Chronic inflammation is fundamentally different. It’s lower grade, body-wide, and persistent, driven more by macrophages and other long-lived immune cells than by neutrophils. It can last months or years, often without obvious symptoms. The triggers tend to be ongoing: excess body fat releasing inflammatory signals continuously, cigarette smoke irritating lung tissue day after day, or an autoimmune condition where the immune system attacks the body’s own tissues. This sustained, smoldering inflammation is linked to heart disease, stroke, cancer, diabetes, chronic respiratory disease, and obesity. Collectively, these chronic inflammatory diseases account for roughly 60% of all deaths worldwide.
How Your Body Turns Inflammation Off
For decades, scientists assumed inflammation simply faded on its own once the threat was gone. That turns out to be wrong. Resolution is an active biochemical process requiring its own set of specialized molecules. Your body produces a family of lipid-derived compounds, collectively called specialized pro-resolving mediators, during the resolution phase. These include molecules known as resolvins, protectins, and maresins, all derived from omega-3 and omega-6 fatty acids.
These resolution signals tell neutrophils to stop flooding into the tissue. They prompt macrophages to switch from a pro-inflammatory mode to a cleanup mode, where they clear dead cells through a process called phagocytosis and release anti-inflammatory signals. When this shutdown process fails or is incomplete, acute inflammation can transition into chronic inflammation, which is one reason researchers are intensely interested in how resolution works at the molecular level.
Measuring Inflammation in the Body
Because chronic inflammation often produces no visible signs, blood tests are the main way to detect it. The most commonly used marker is C-reactive protein (CRP), a protein produced by the liver that rises when inflammation is present anywhere in the body.

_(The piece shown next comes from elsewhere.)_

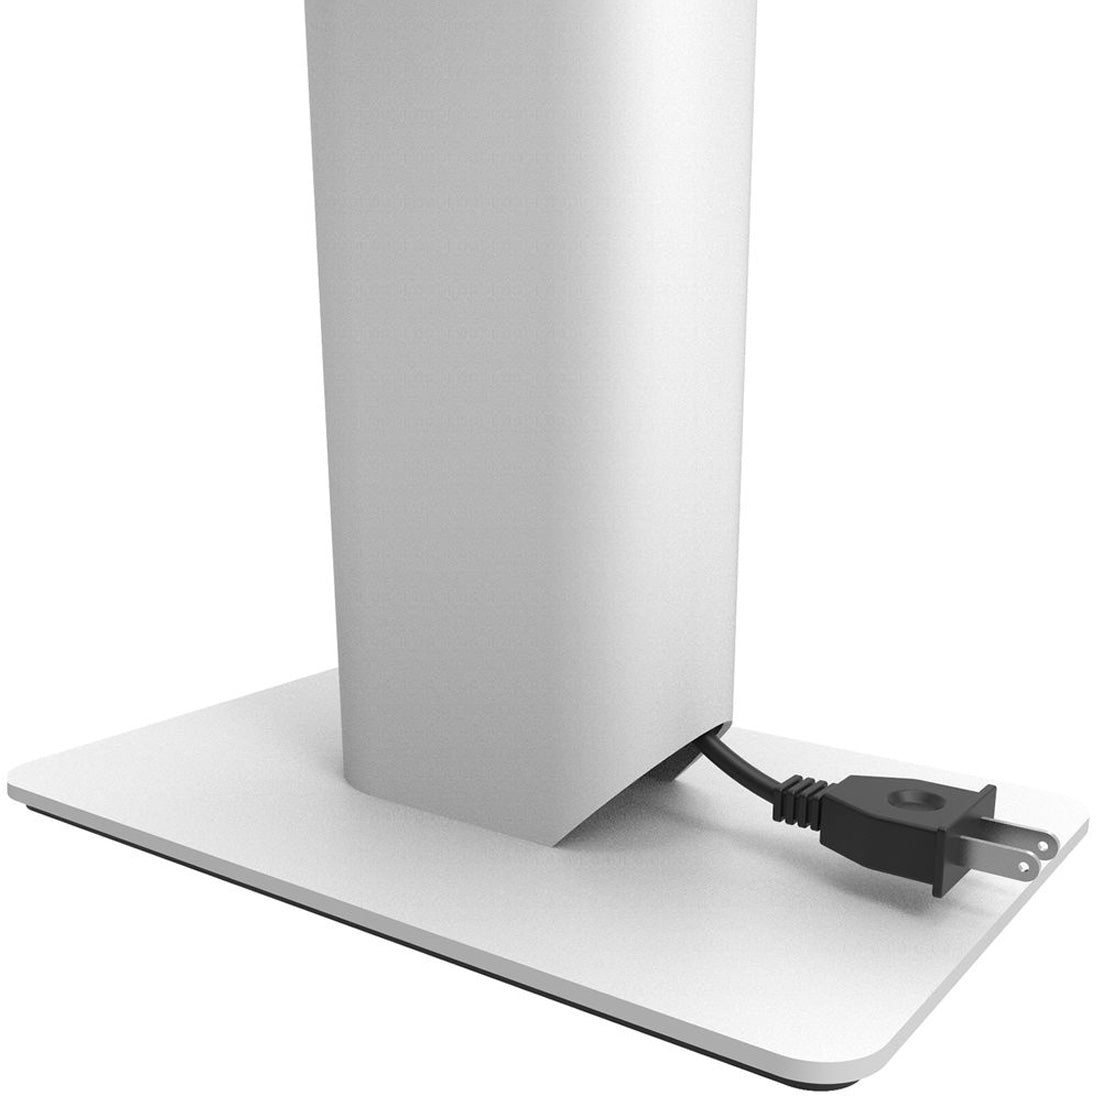 Kanto SP9W 9" SP Desktop Speaker Stands - White

Normal CRP in a healthy adult is below 0.3 mg/dL. Levels between 1.0 and 10.0 mg/dL indicate moderate, systemic inflammation and are commonly seen in autoimmune conditions like rheumatoid arthritis or lupus. Levels above 10.0 mg/dL typically point to acute bacterial or viral infections, and readings above 50.0 mg/dL suggest severe bacterial infection. A more sensitive version of the test, called high-sensitivity CRP, is used specifically to gauge cardiovascular risk: below 1 mg/L is considered low risk, 1 to 3 mg/L moderate, and above 3 mg/L high.

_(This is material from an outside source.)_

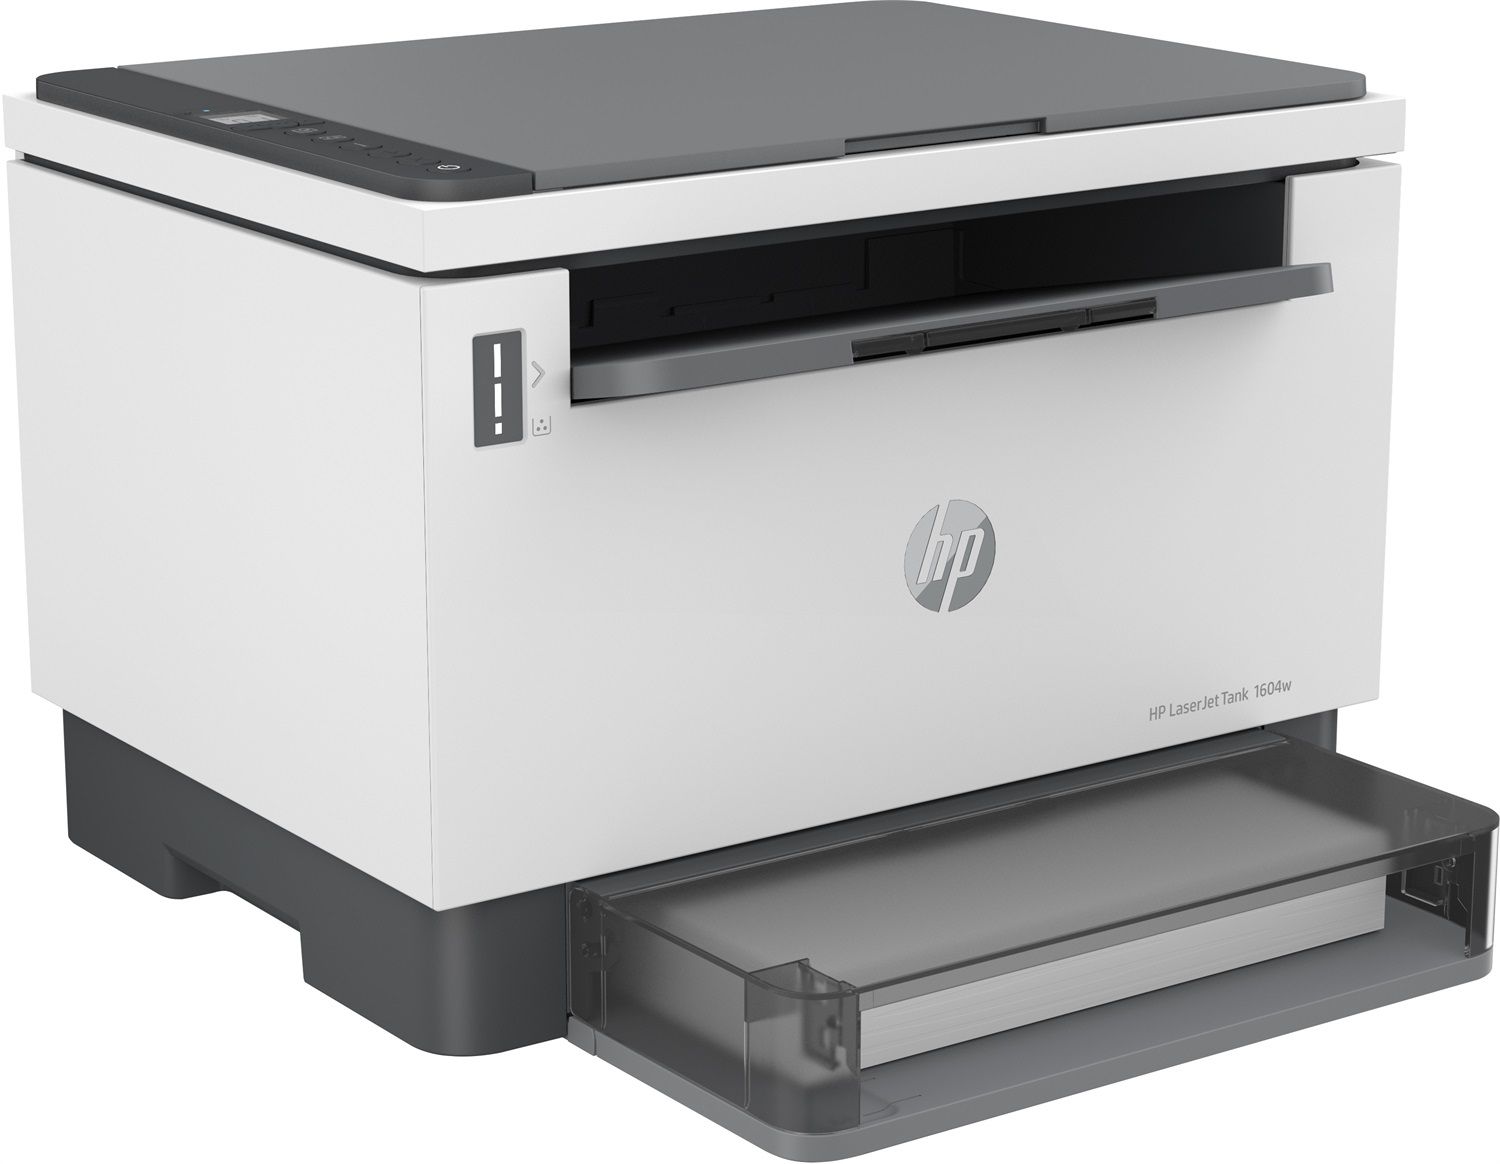 HP LaserJet M110we (Stampante laser, Bianco e nero, Instant Ink, WLAN)  acquisto online in modo economico e sicuro

When Inflammation Becomes Dangerous
In rare cases, the inflammatory response itself becomes a threat. Systemic inflammatory response syndrome (SIRS) occurs when inflammation spreads beyond the local injury site and affects the entire body. It’s diagnosed when at least two of the following are present: body temperature above 100.4°F or below 96.8°F, heart rate above 90 beats per minute, respiratory rate above 20 breaths per minute, and an abnormally high or low white blood cell count. SIRS can be triggered by severe infections, major trauma, burns, or pancreatitis, and it requires immediate medical treatment because it can progress to organ failure.
Even outside of emergencies, the cumulative damage from years of low-grade chronic inflammation is substantial. It accelerates plaque buildup in arteries, promotes insulin resistance that leads to type 2 diabetes, and creates a tissue environment where cancerous cells are more likely to thrive. Many of the lifestyle interventions known to reduce disease risk, such as regular exercise, maintaining a healthy weight, eating less processed food, not smoking, and getting adequate sleep, work in part by lowering baseline inflammatory activity in the body.